■ What to produce
The whole listing below should be printed again exactly, with no images.

■ Provided material
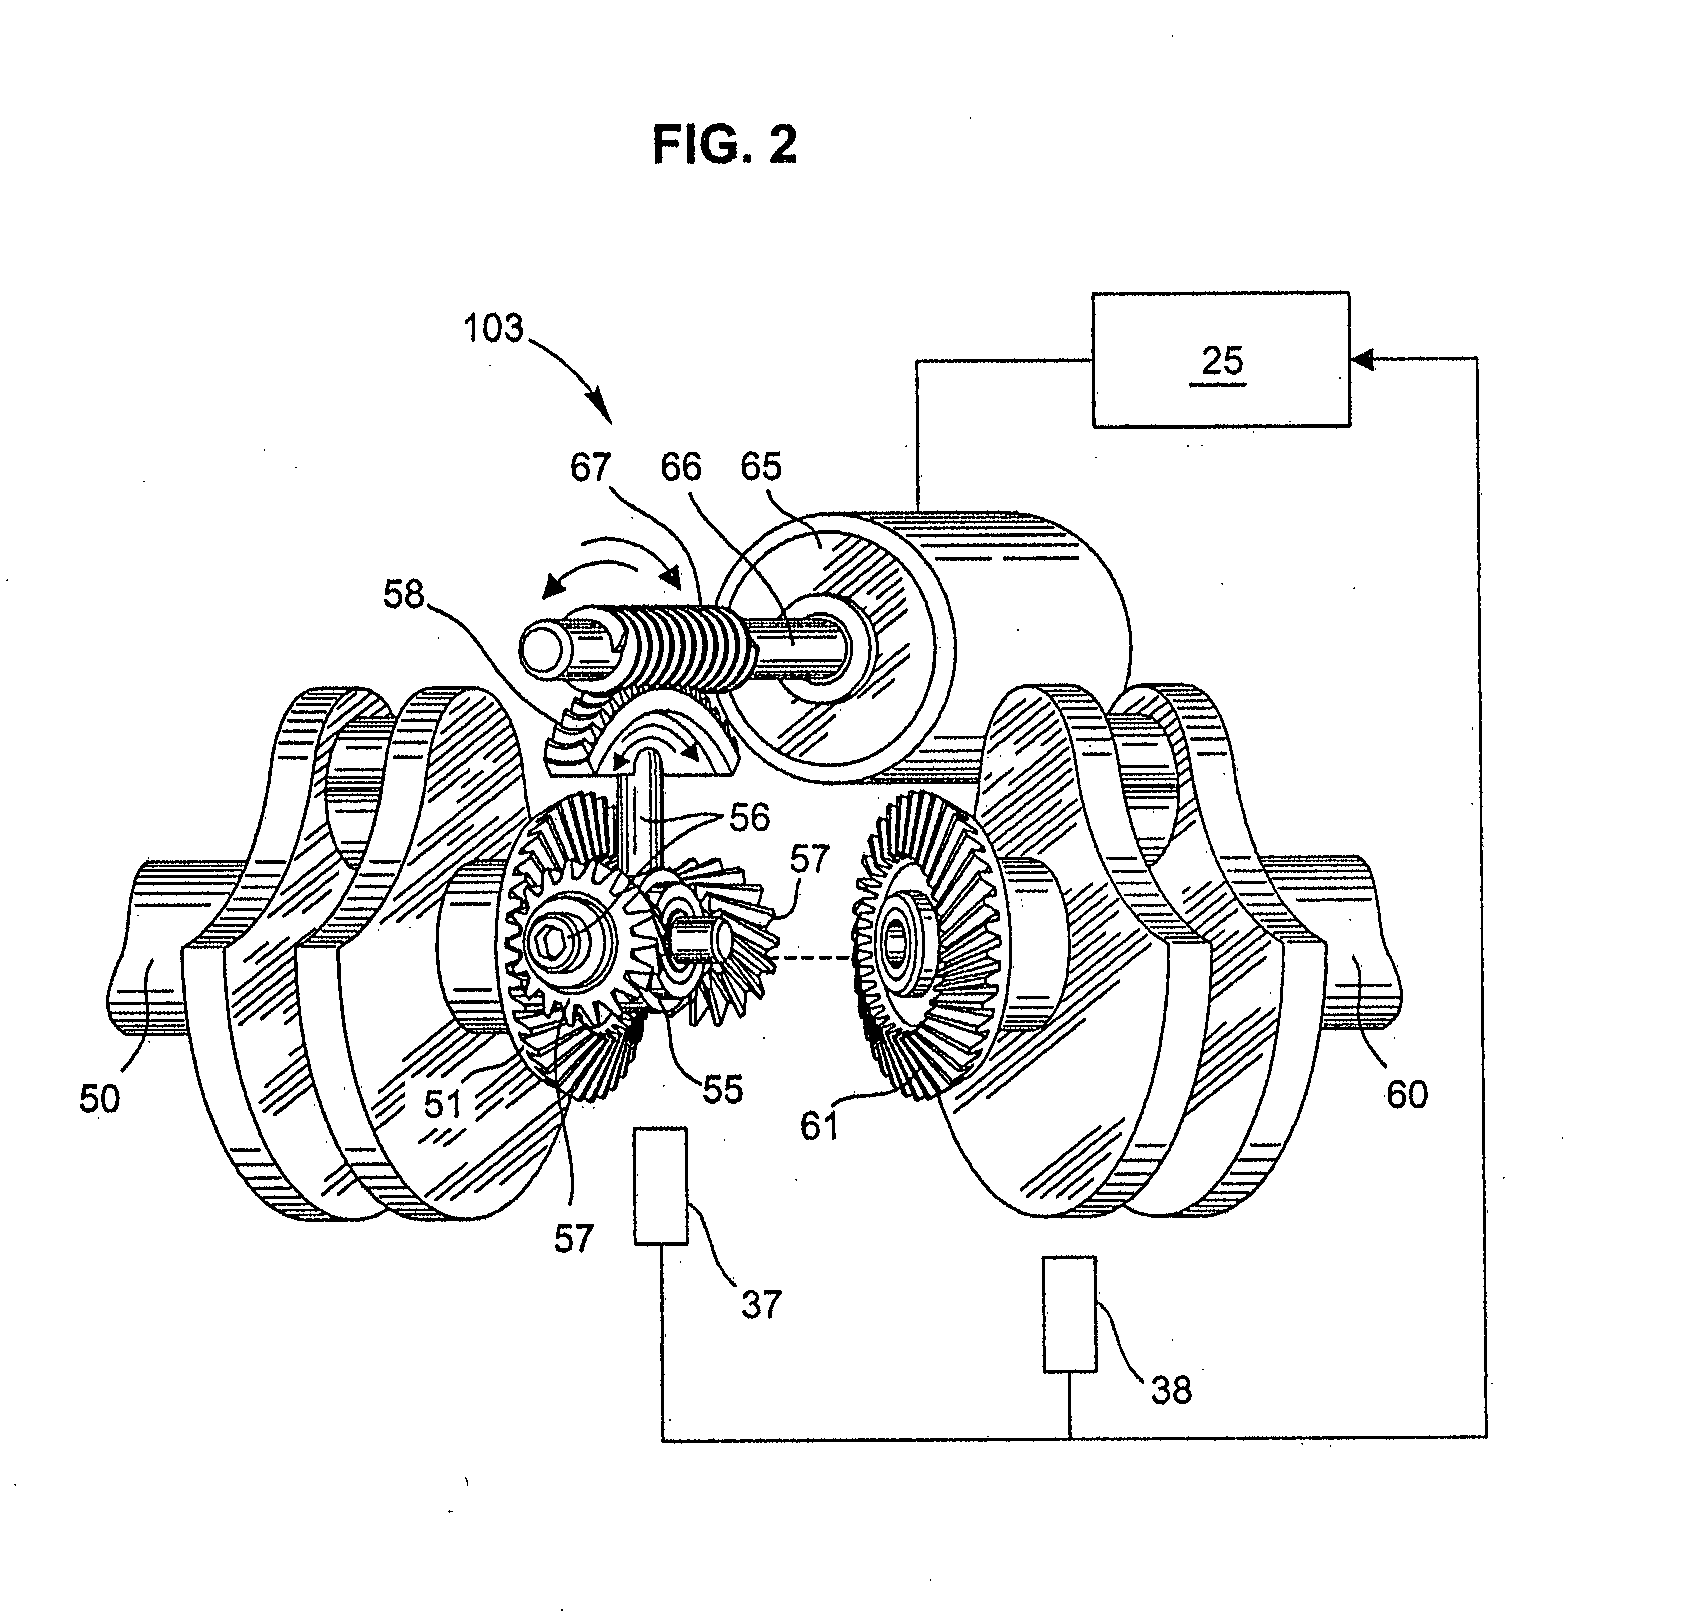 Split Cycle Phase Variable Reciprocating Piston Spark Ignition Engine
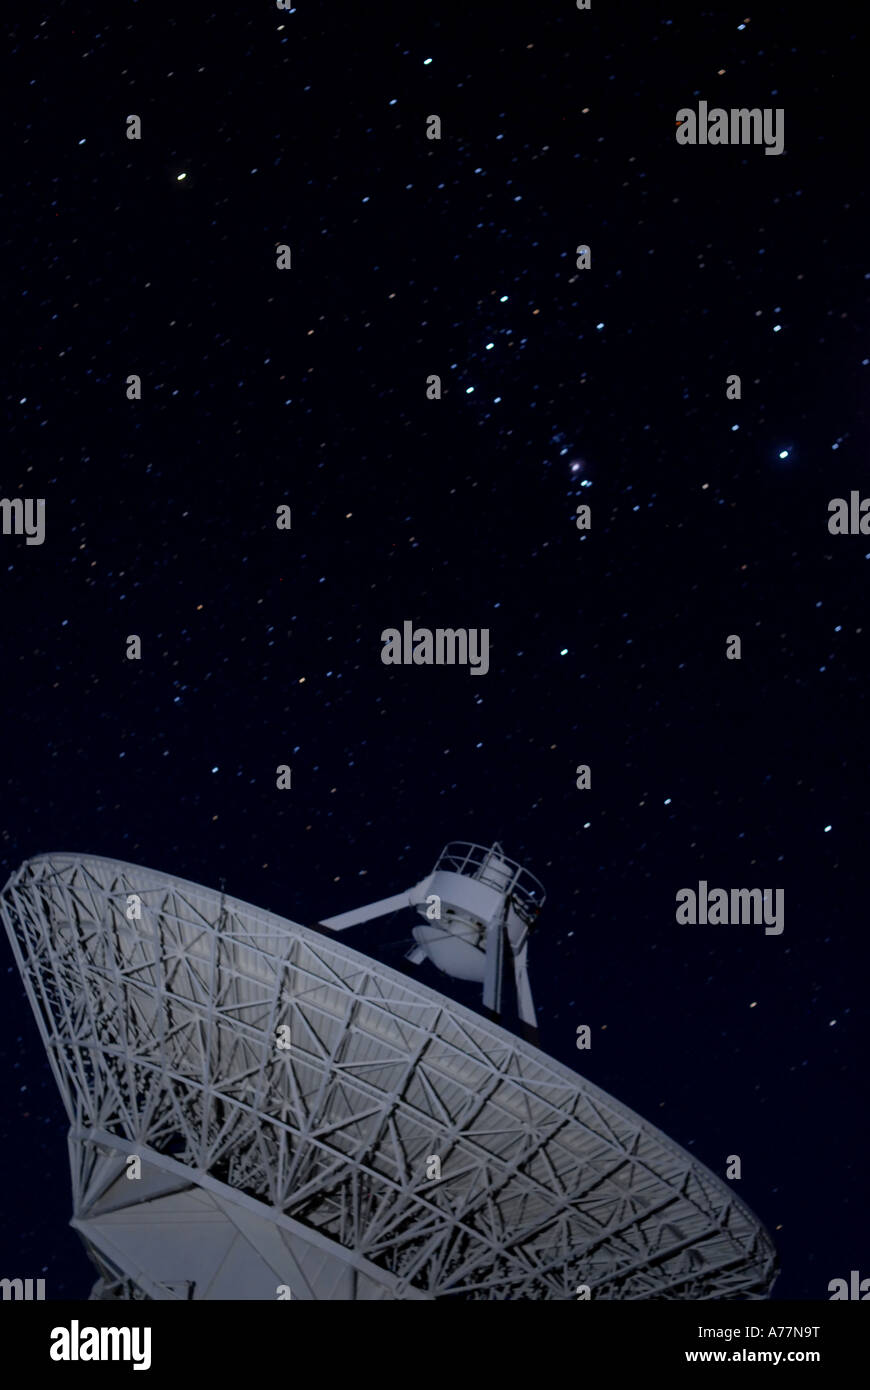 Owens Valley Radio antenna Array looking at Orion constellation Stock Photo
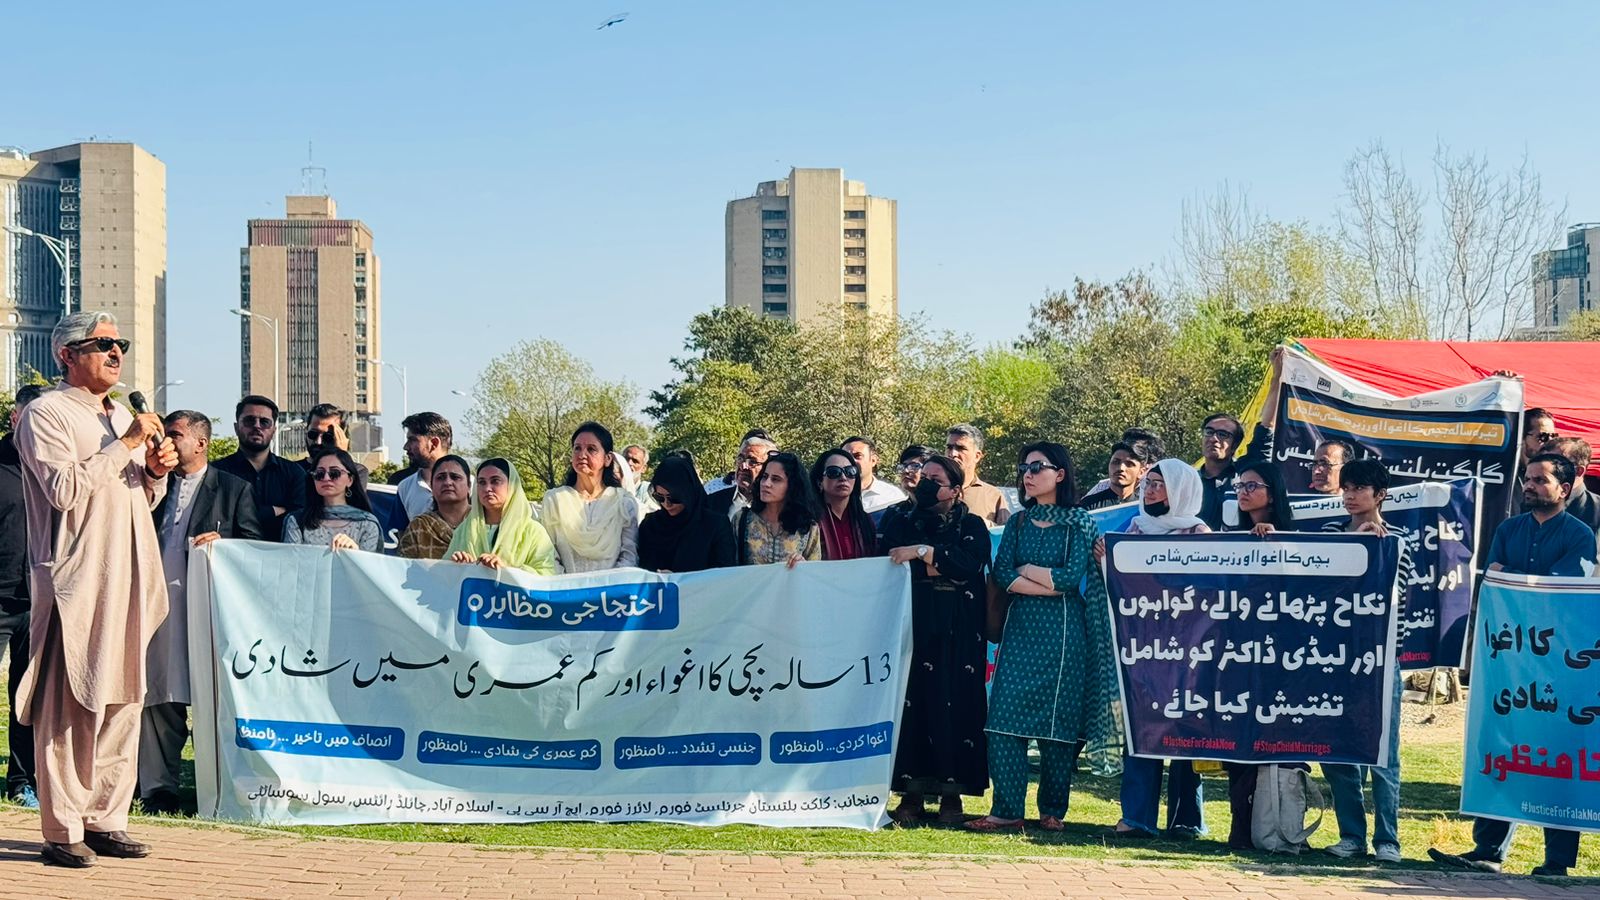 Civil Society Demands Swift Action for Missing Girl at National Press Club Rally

■ Written solution
 Split Cycle Phase Variable Reciprocating Piston Spark Ignition Engine
 Owens Valley Radio antenna Array looking at Orion constellation Stock Photo
 Civil Society Demands Swift Action for Missing Girl at National Press Club Rally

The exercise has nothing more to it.